> [Information provided]
• • • • •
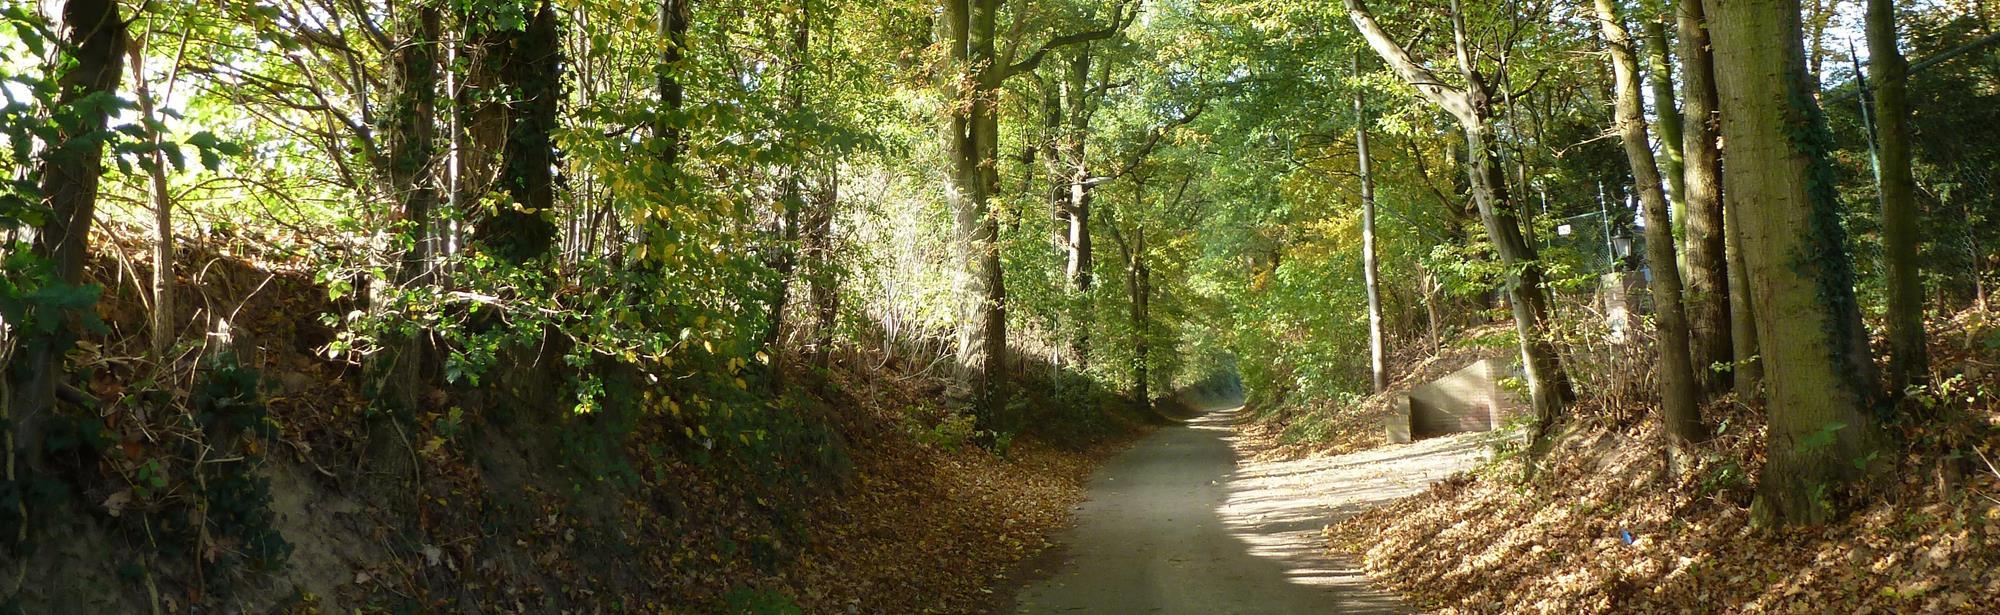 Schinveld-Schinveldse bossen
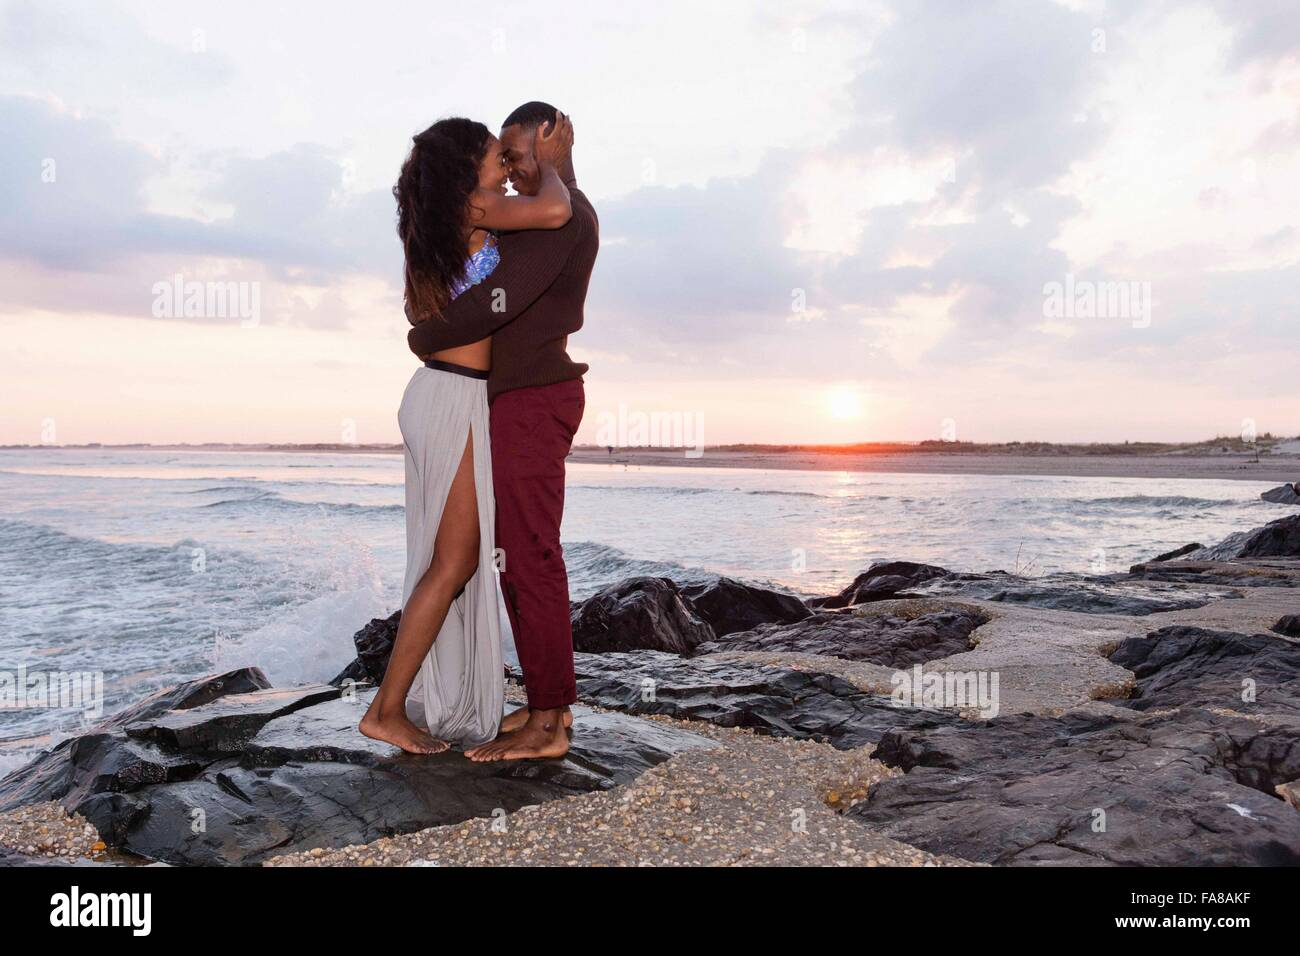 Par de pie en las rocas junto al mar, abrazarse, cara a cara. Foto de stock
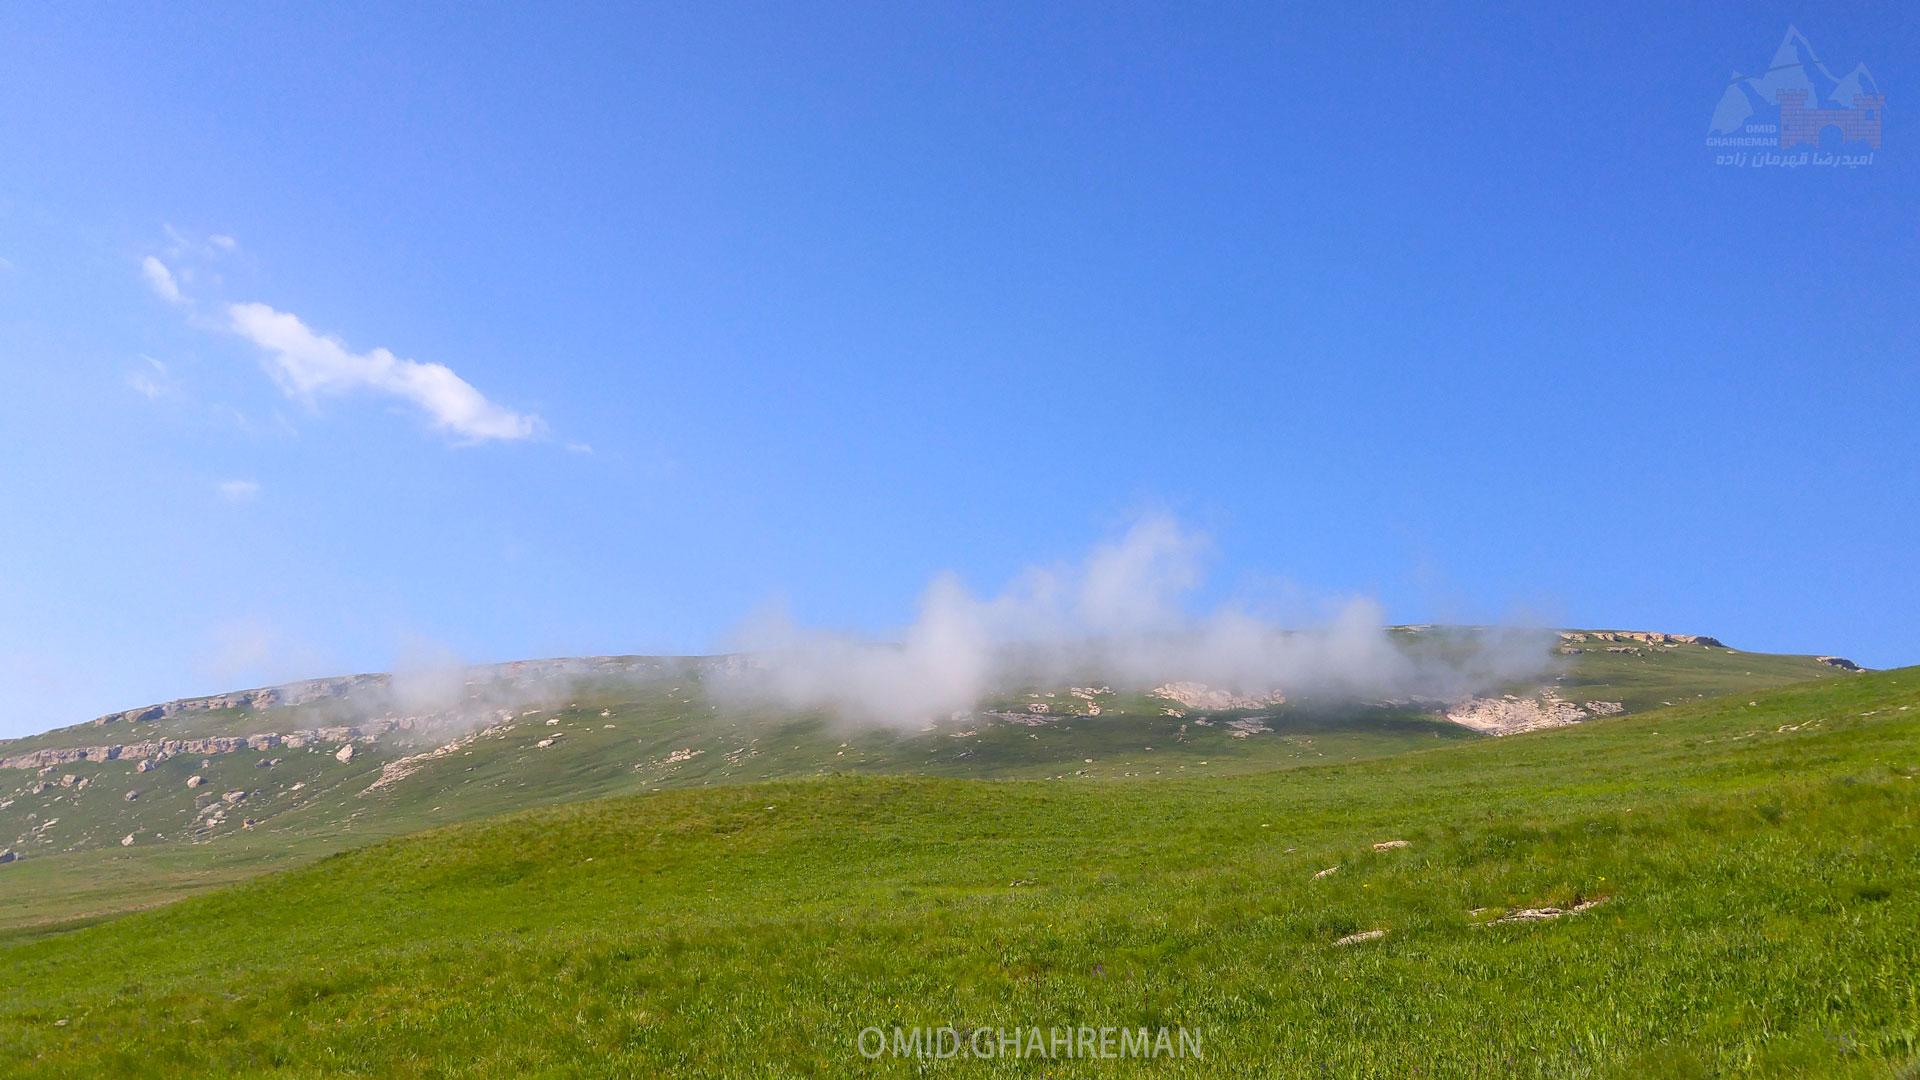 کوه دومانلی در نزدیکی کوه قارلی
• • • • •
> [Your instructions] Reproduce the listing word for word. Do not carry over the pictures.

> [Solution to the exercise]
 Schinveld-Schinveldse bossen
 Par de pie en las rocas junto al mar, abrazarse, cara a cara. Foto de stock
 کوه دومانلی در نزدیکی کوه قارلی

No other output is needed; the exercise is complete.